**WORK REQUEST**
Which lines run from the one with "Me, mid-sunburn." through the end of the data? Retype them exactly, without pictures.

**RECORDED INFORMATION**
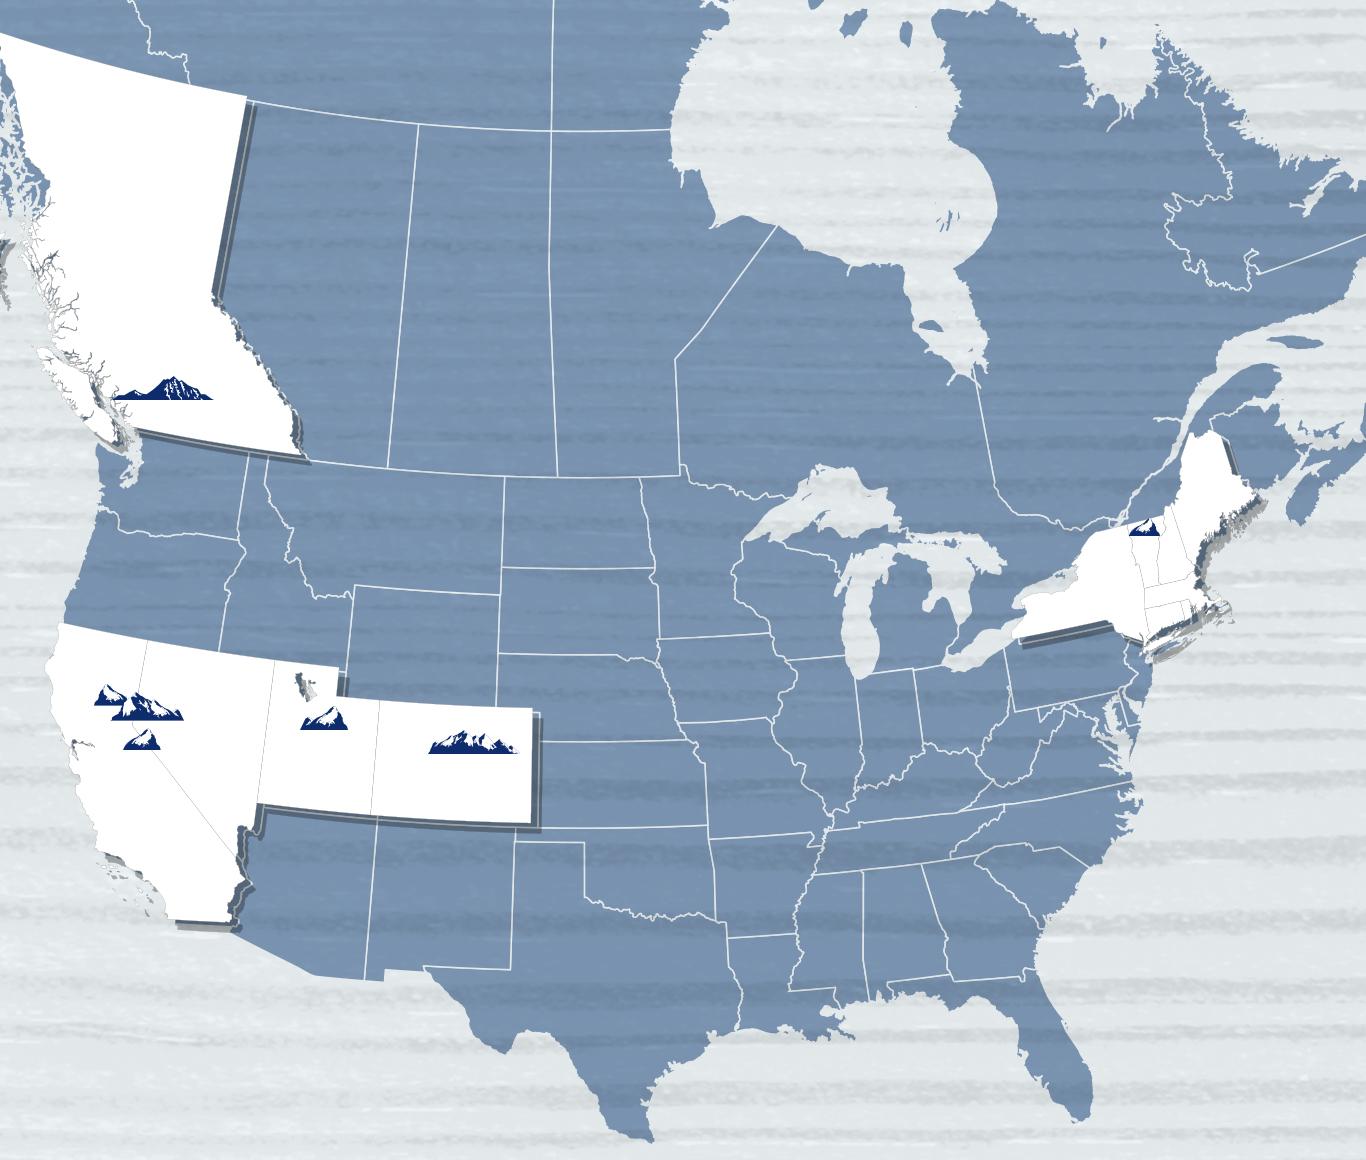 wwwsnowcomAssetsimagescomponentsmapsregion
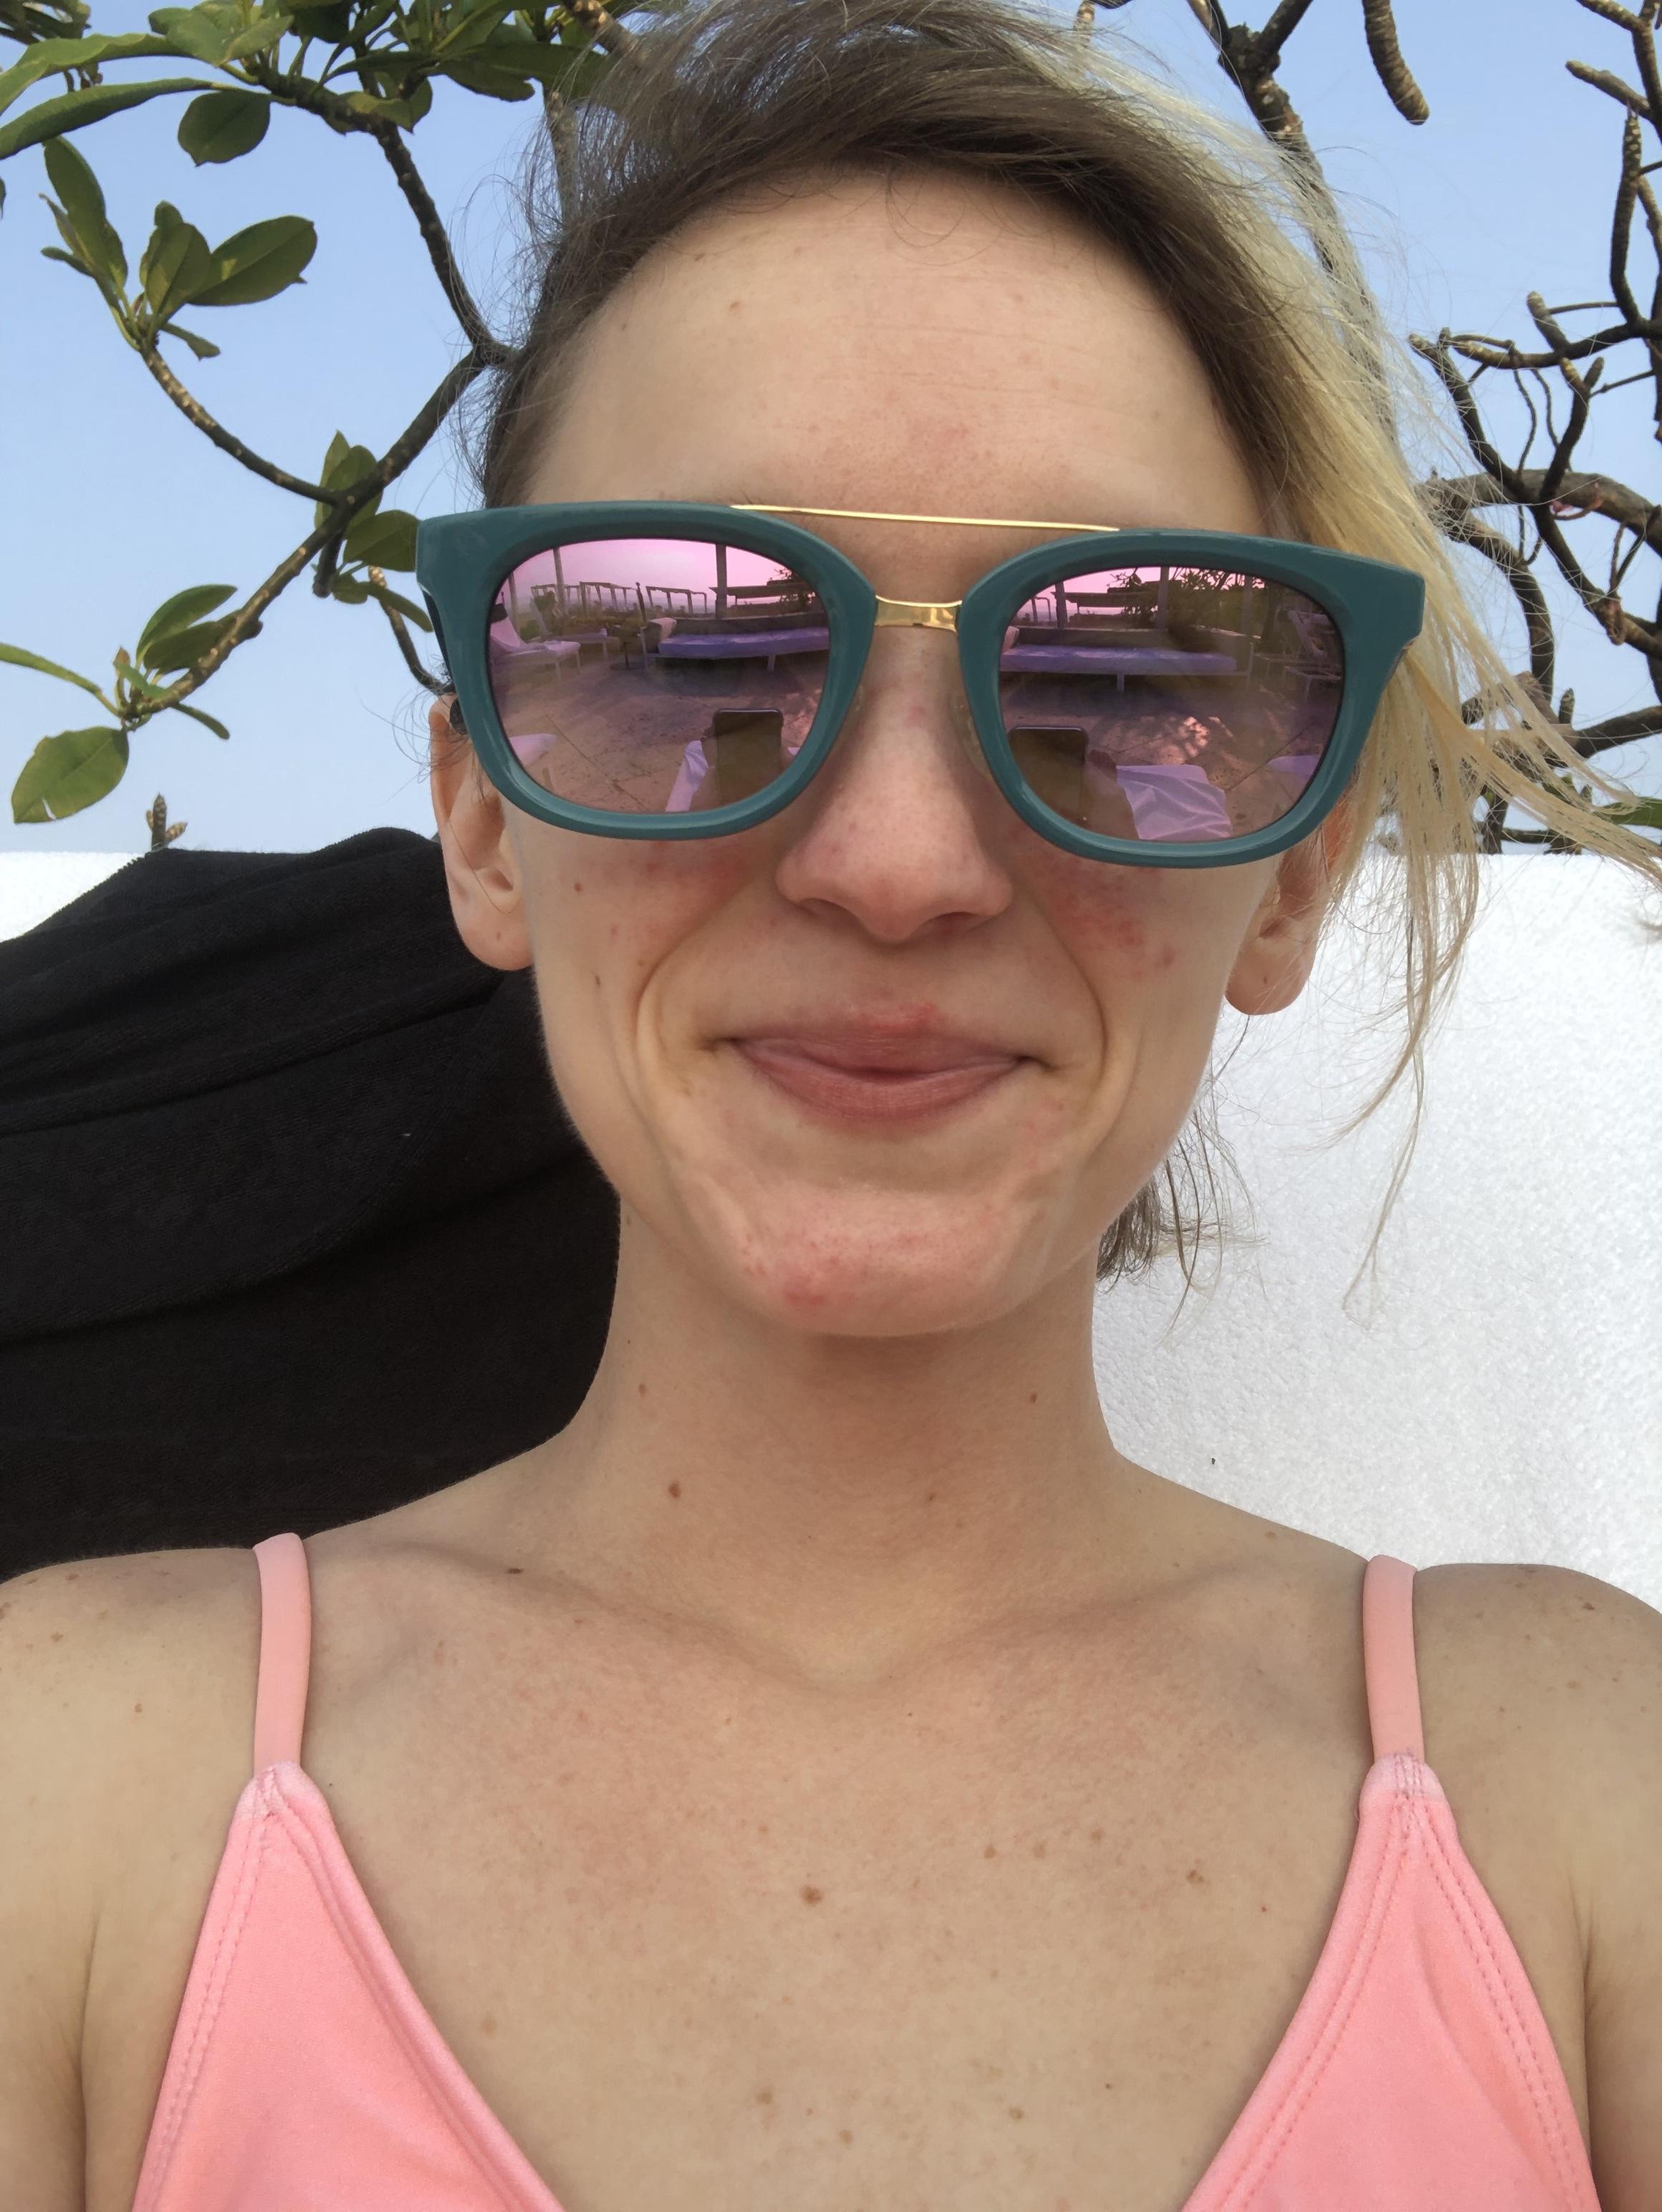 Me, mid-sunburn.
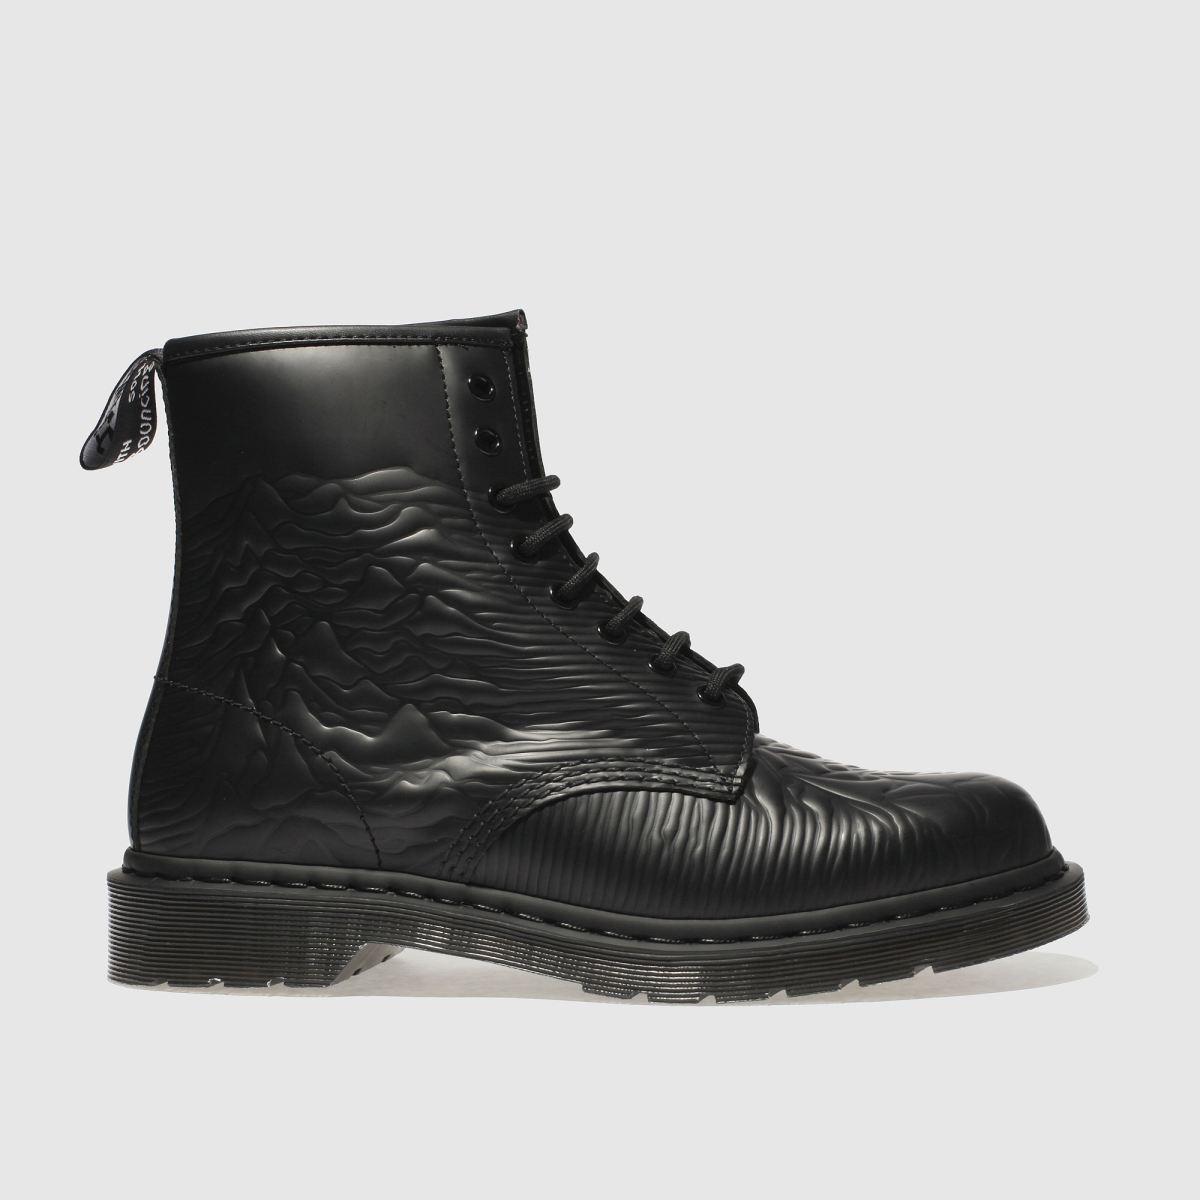 Dr Martens Black 1460 Unknown Pleasures Boots

**EXERCISE SOLUTION**
 Me, mid-sunburn.
 Dr Martens Black 1460 Unknown Pleasures Boots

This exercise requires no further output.